**Requirement:** Type out the whole listing again exactly, pictures omitted.

**Material provided:**
+ + + + +
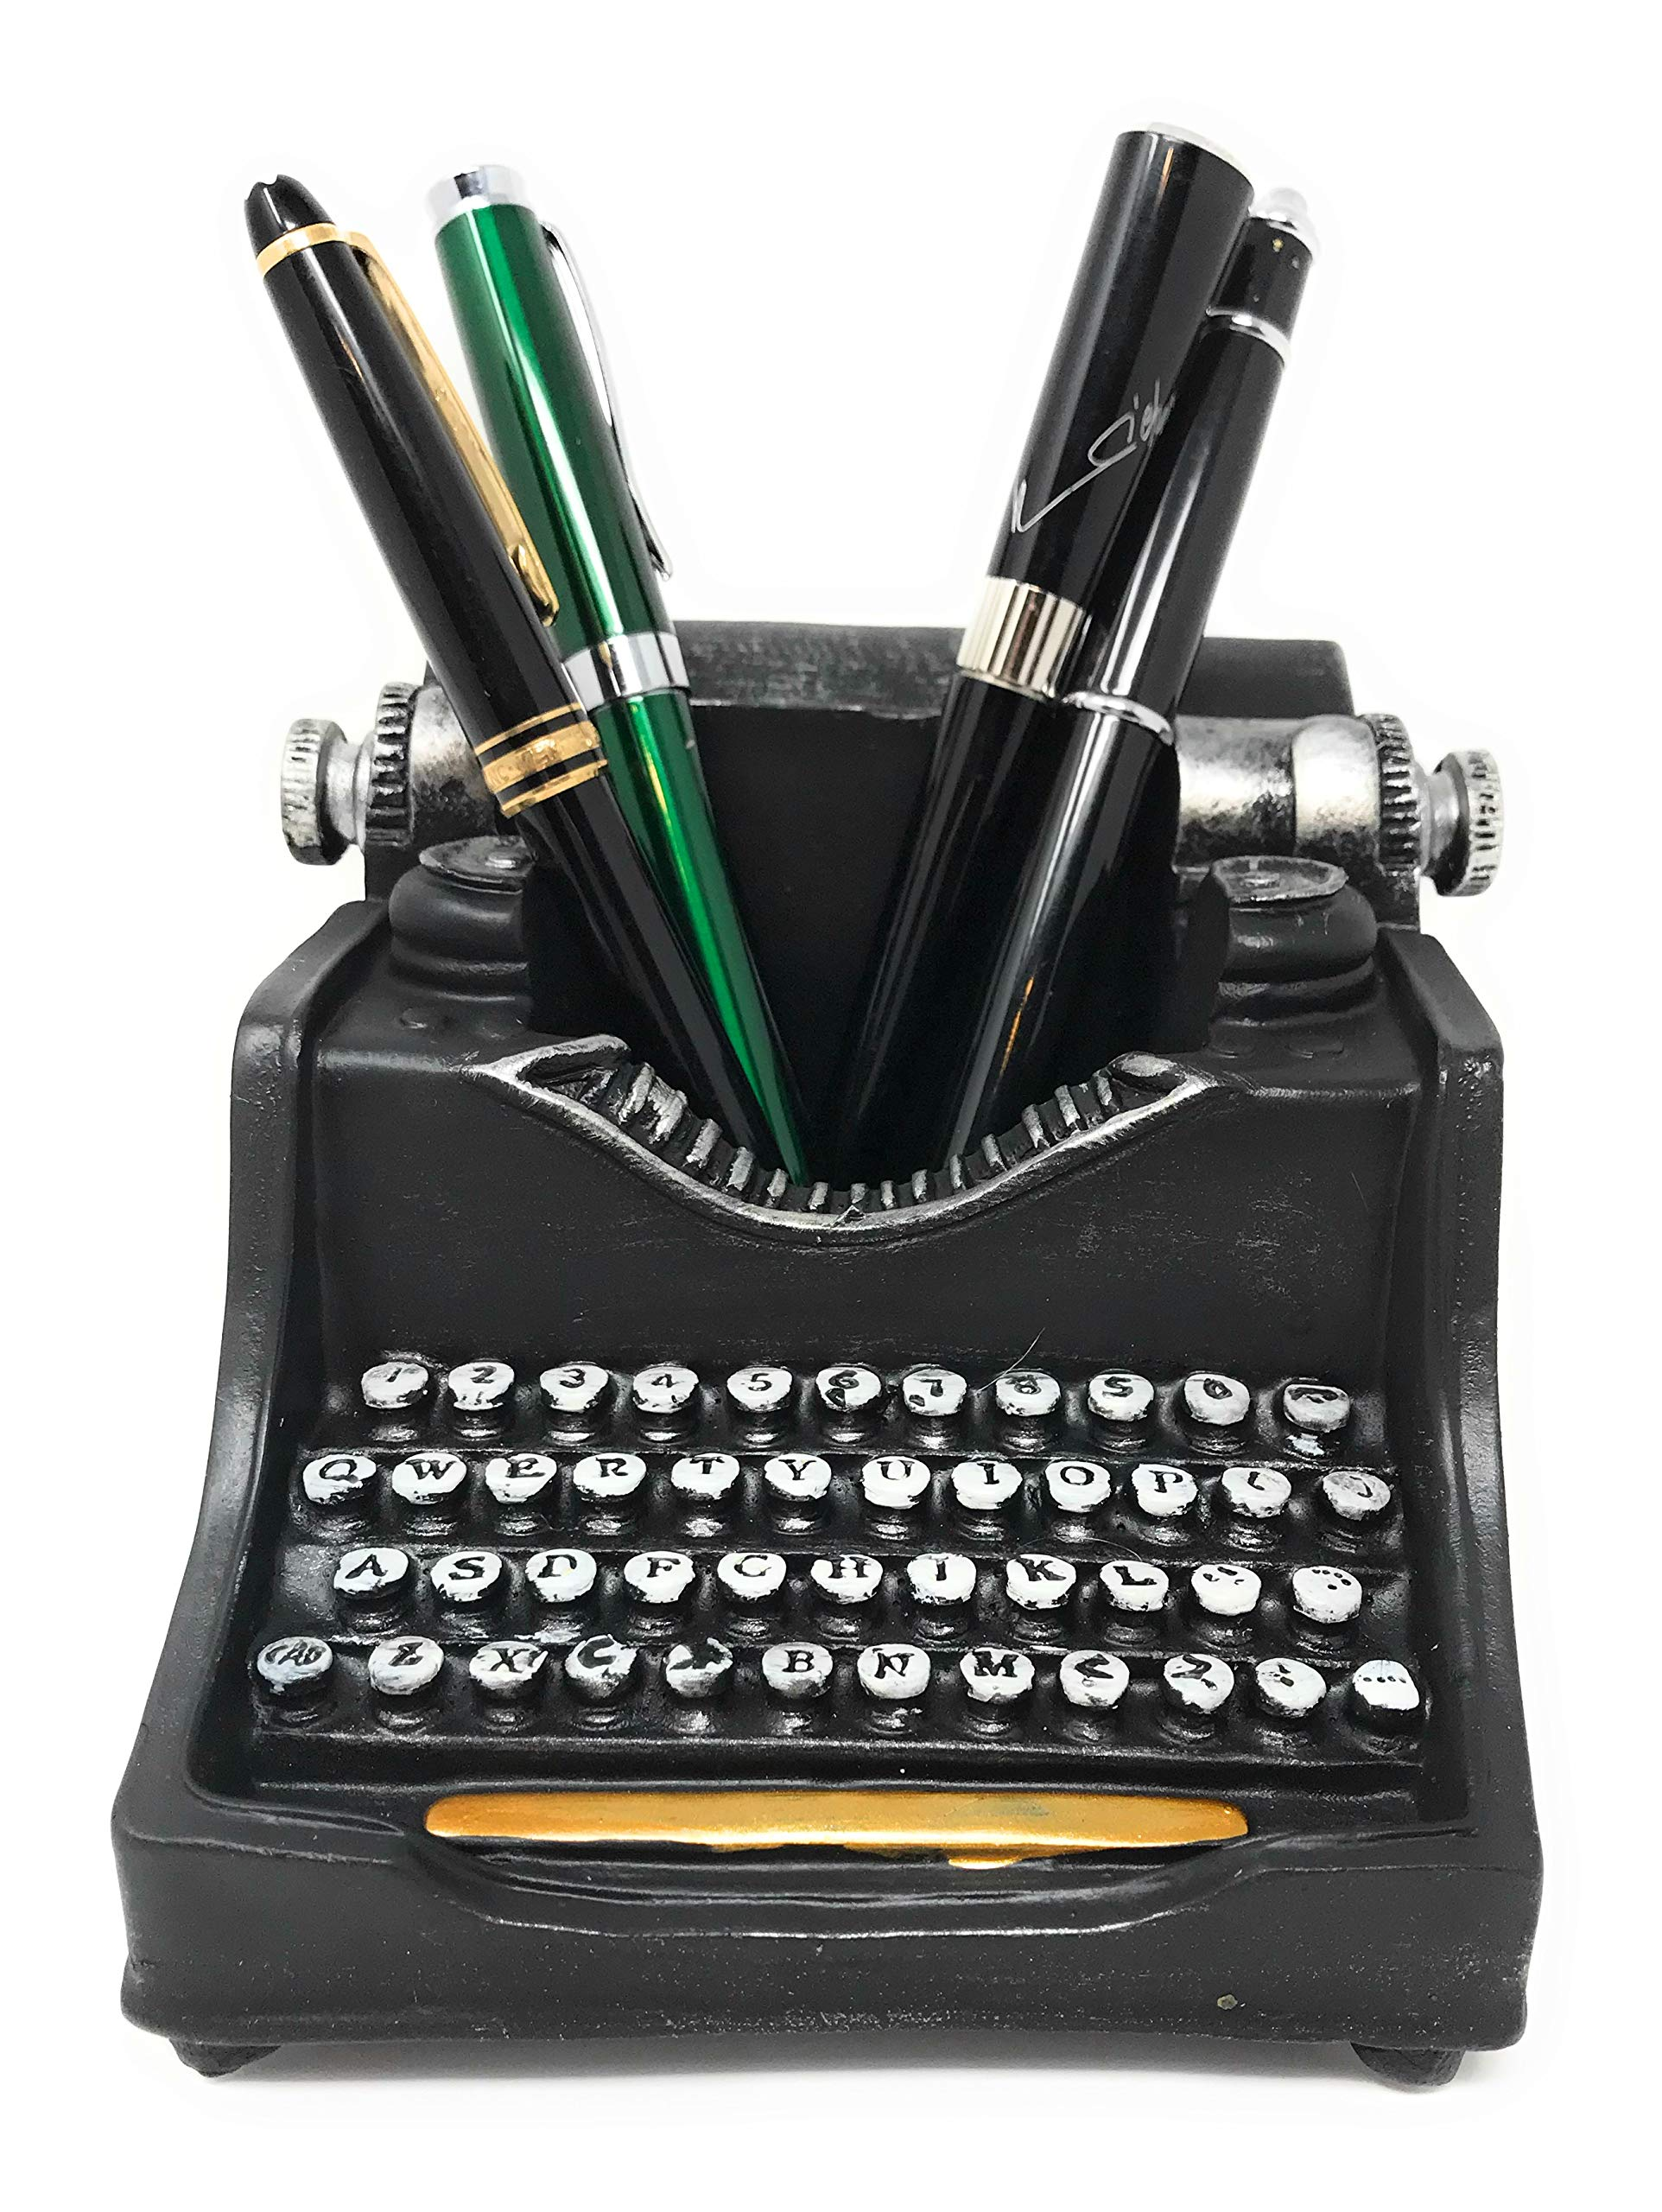 Retro/Shabby Chic/Vintage Pencil Holder for Desk/Desk Organizer for Writer's Desk (Typewriter) by C & C
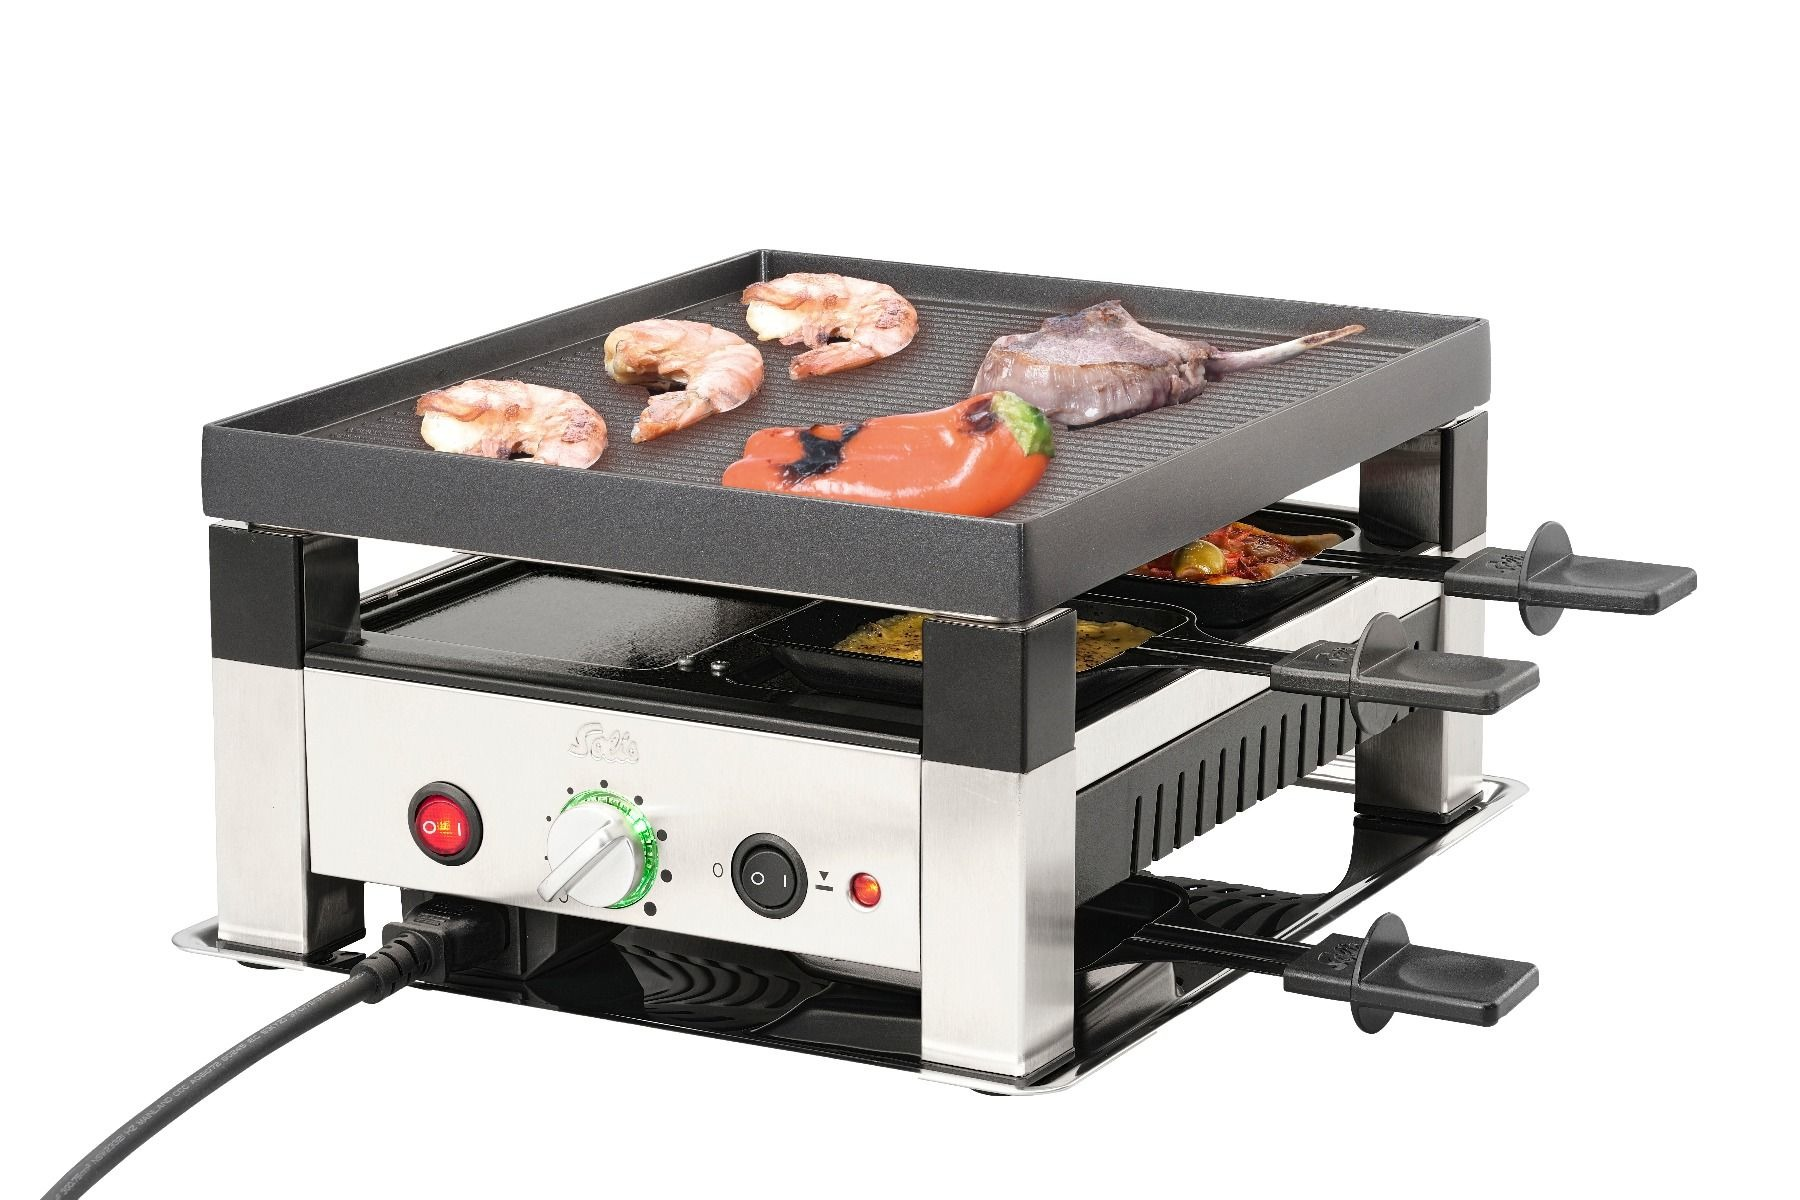 Solis 5 in 1 Table Grill for 4 7910 Grill Apparaat Gourmetstel 4 personen online kopen
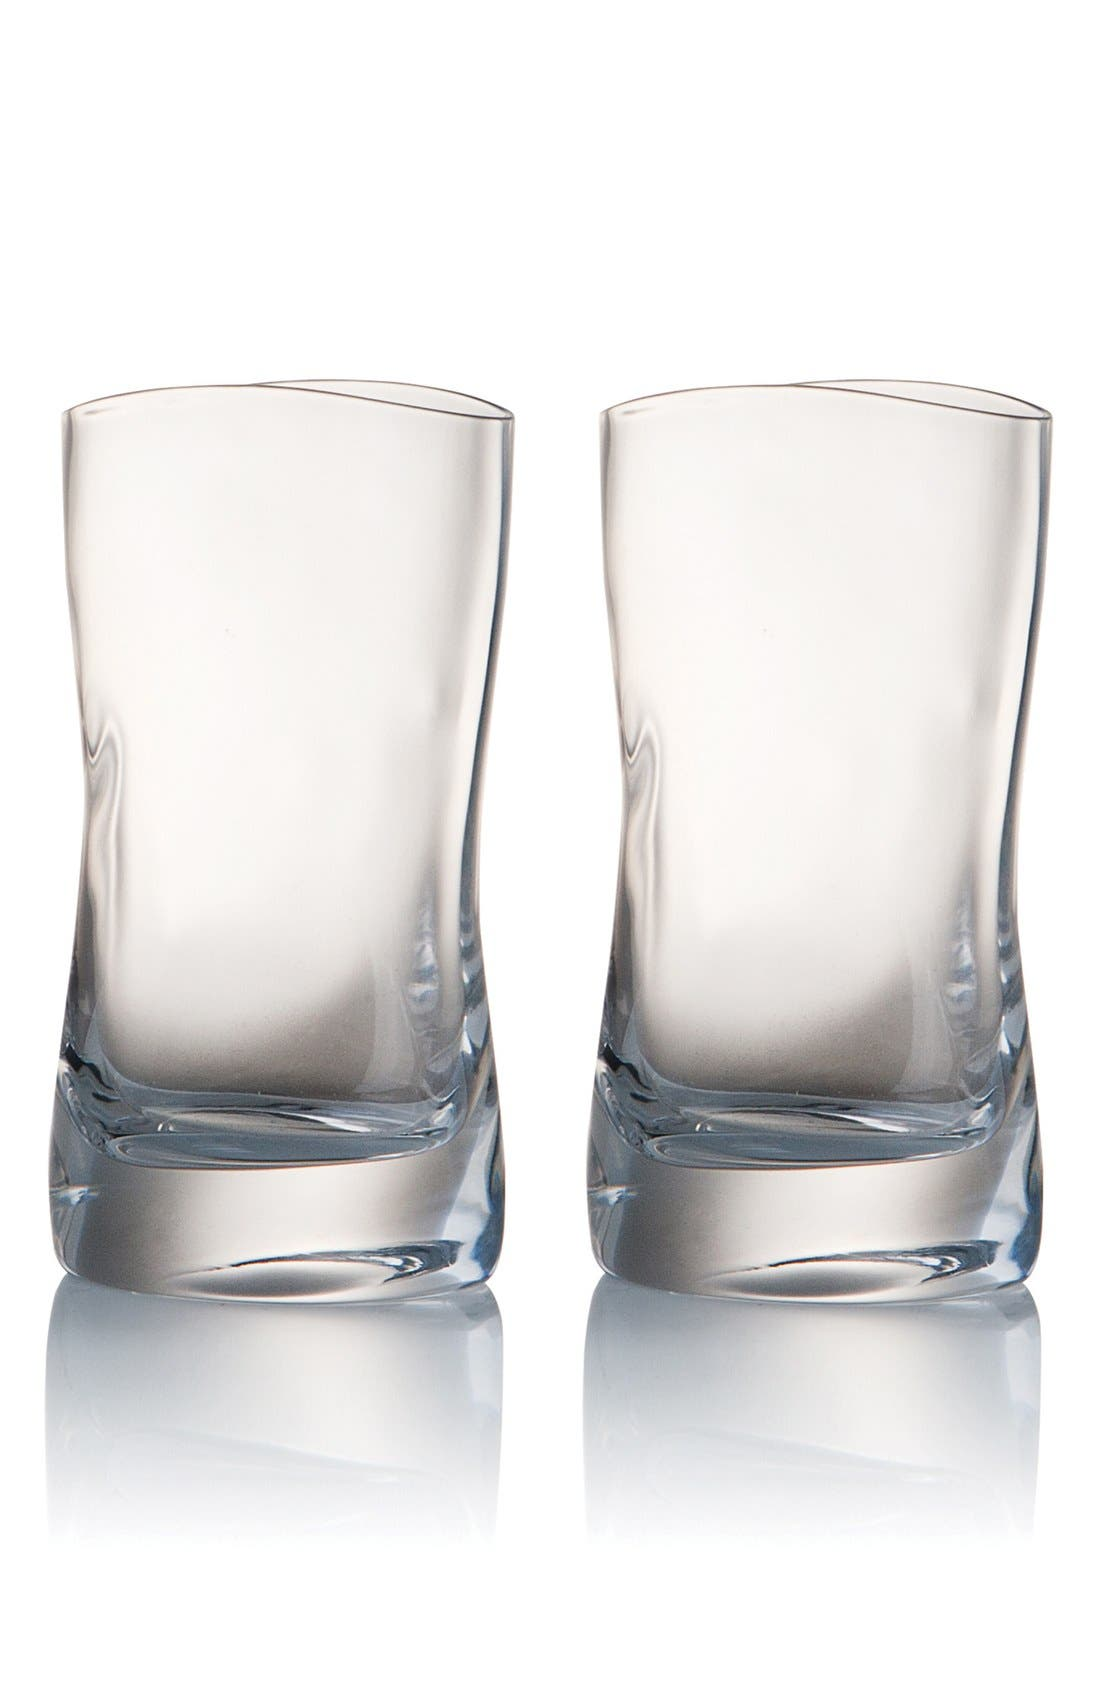 Main Image - Nambé 'River' Highball Glasses (Set of 2)
+ + + + +
**Result for this exercise:**
 Retro/Shabby Chic/Vintage Pencil Holder for Desk/Desk Organizer for Writer's Desk (Typewriter) by C & C
 Solis 5 in 1 Table Grill for 4 7910 Grill Apparaat Gourmetstel 4 personen online kopen
 Main Image - Nambé 'River' Highball Glasses (Set of 2)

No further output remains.